= Frankfurt's Way or Labour's Way =

"Frankfurt's Way or Labour's Way" (sometimes repeated as "Labour's Way or Frankfurt's Way") was a campaign slogan used by the then Irish Labour Party leader Eamon Gilmore in advance of the country's 2011 general election. The phrase has become an archetypal example of a broken election promise in Irish politics. Described as "a desperate attempt to get votes", Gilmore claimed on 3 February 2011 that the Labour Party (if put into power) would renegotiate the recent EU-IMF deal brought in under the Fianna Fáil-Green Party coalition. The promise was made as Gilmore launched Labour's economic plan. Frankfurt (in Germany) is the location of the headquarters of the European Central Bank (ECB).
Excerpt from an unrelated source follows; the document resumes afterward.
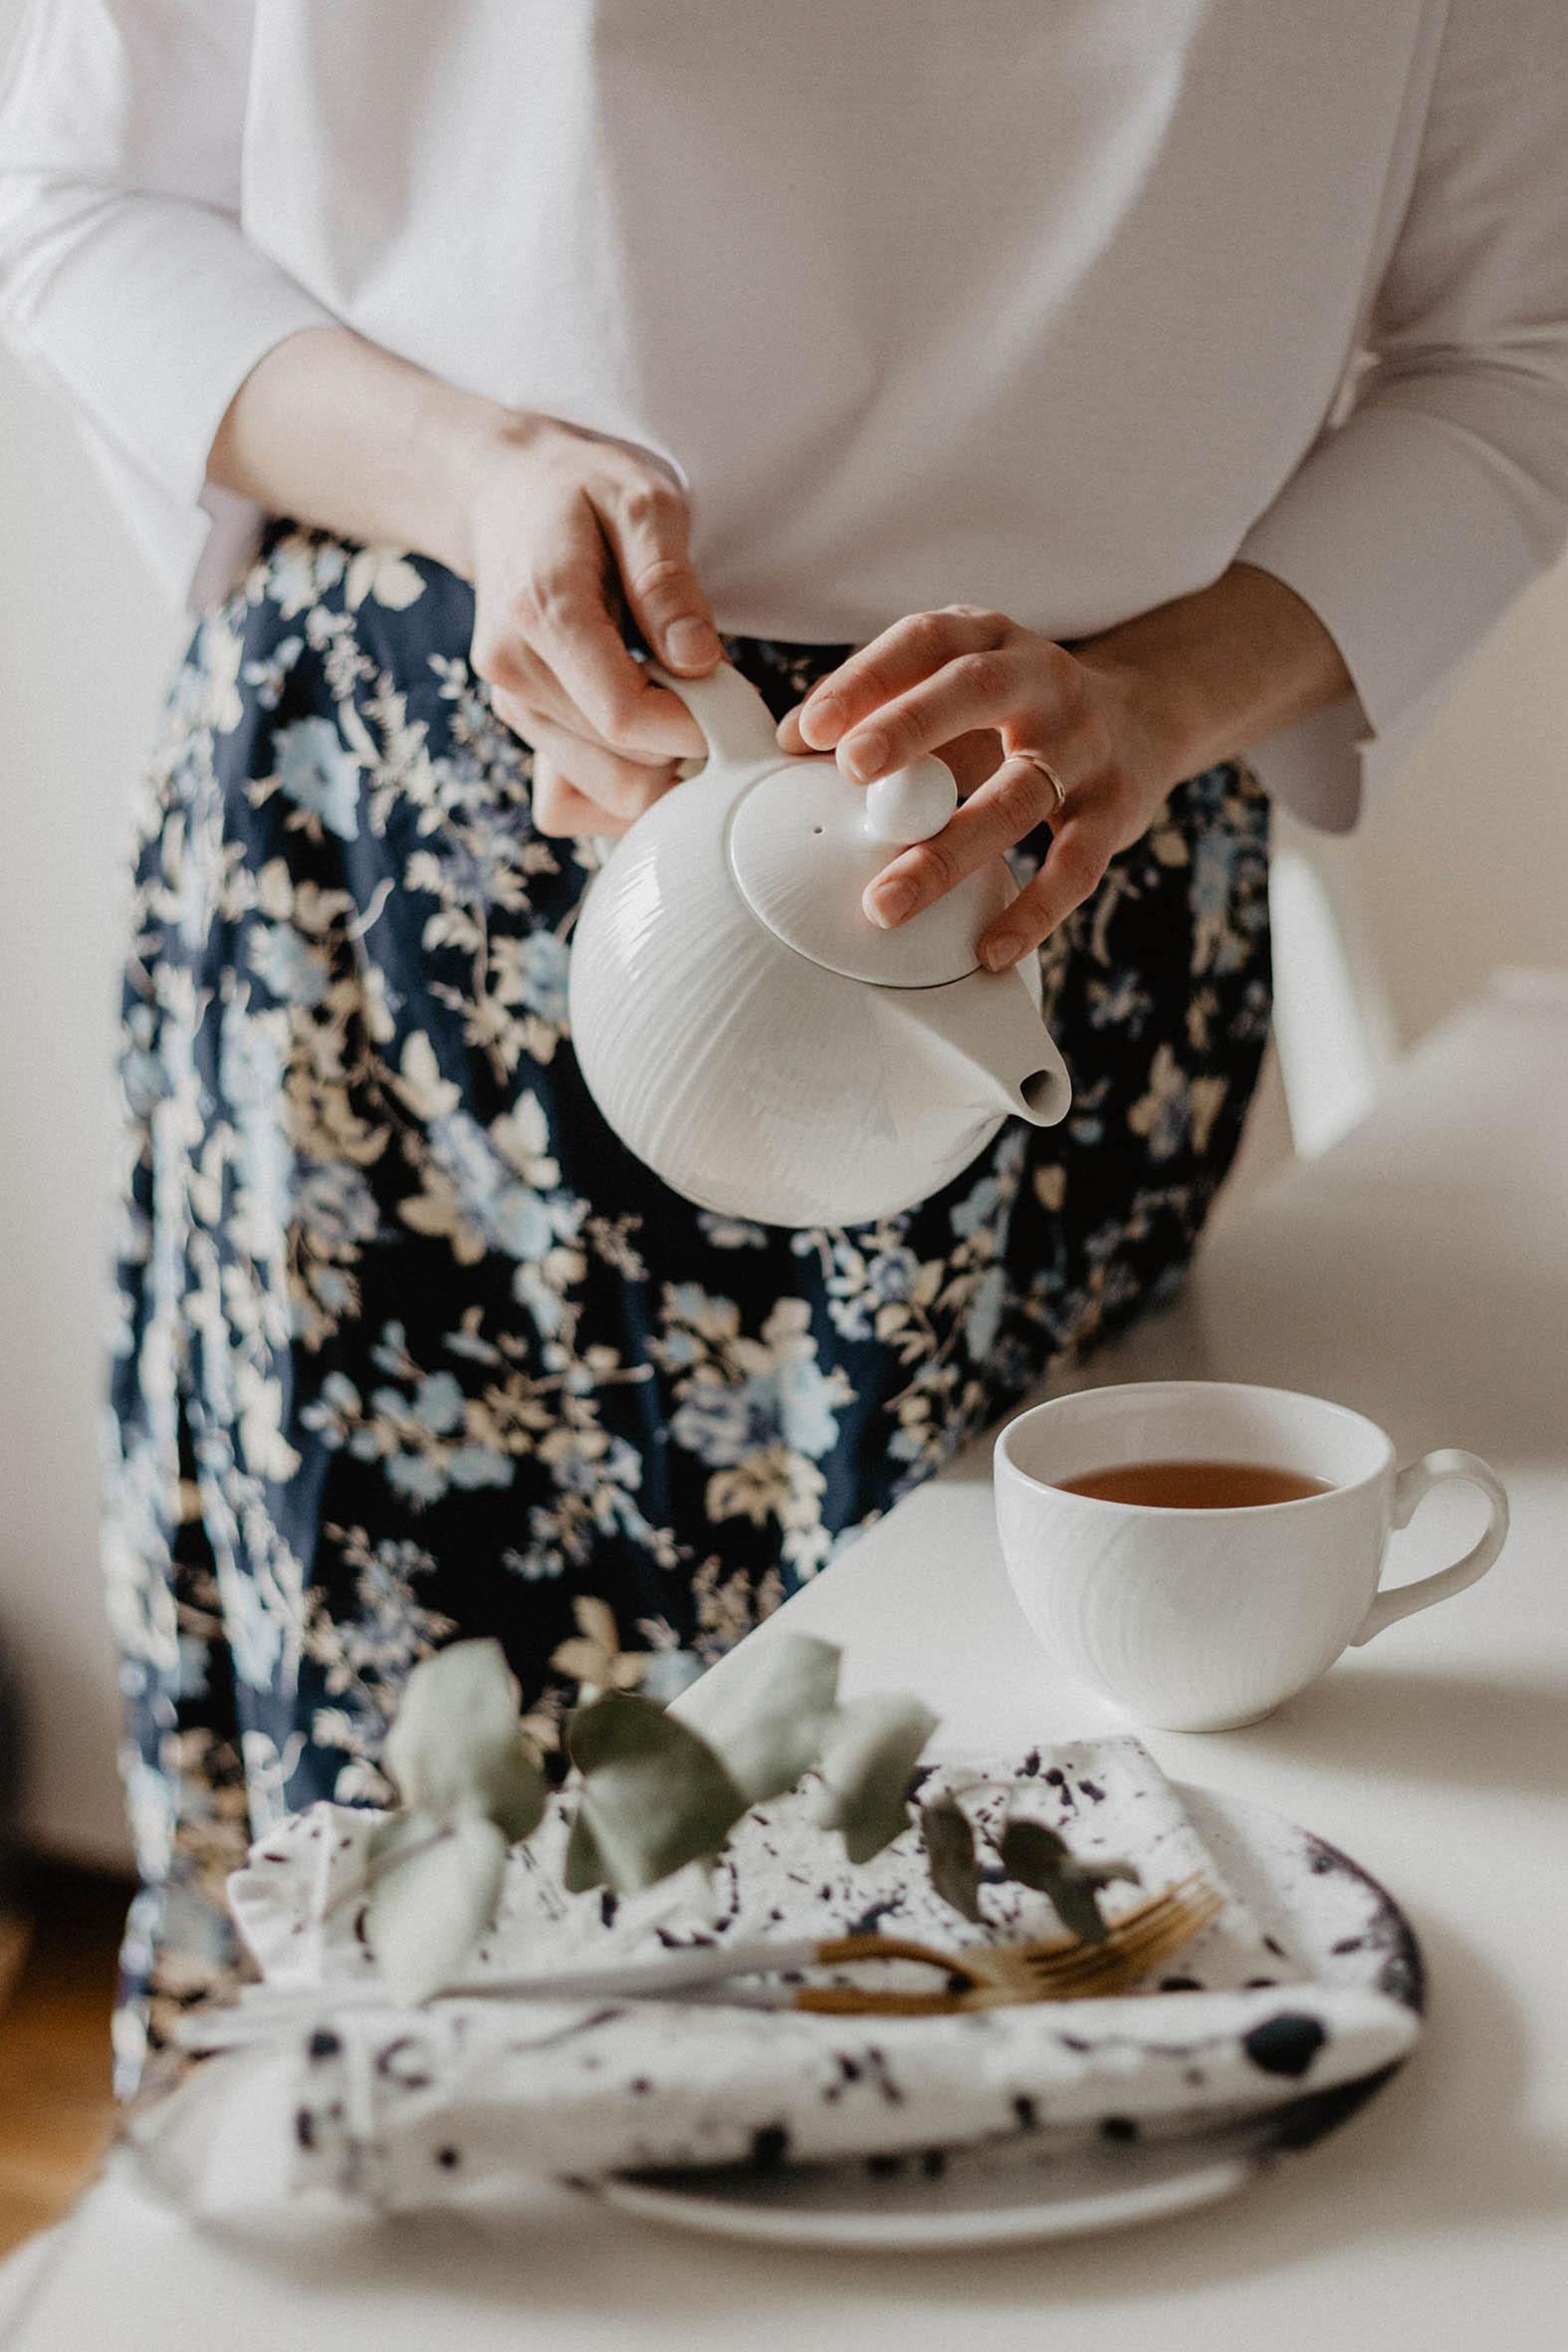 Empieza el día con un té

The party made a very strong showing, almost doubling its share of the vote to become the second-largest party in the Dáil, its best showing ever. It then formed its own coalition with Fine Gael, but did not renegotiate the deal.

In 2012, after a decline of 25 per cent in their vote previous year's election evaporated, the Irish Independent said the Labour Party was "haunted" by the promise. The following month, the European Fiscal Compact was enshrined in the Constitution, thereby ensuring the very fiscal compliance Labour had vowed to oppose. Gilmore's promise was also mentioned following the rush through the Oireachtas of legislation to liquidate IBRC in 2013. Even Labour stalwart Fergus Finlay admitted in 2015 that it was "a phrase he [Gilmore] had difficulty living down". However, Alan Kelly claimed "A lot of Labour's way was achieved" when quizzed on Gilmore's promise in 2015.

In Labour's centenary year, state television (RTÉ) produced a two-part documentary on the history of the party, titled Labour's Way.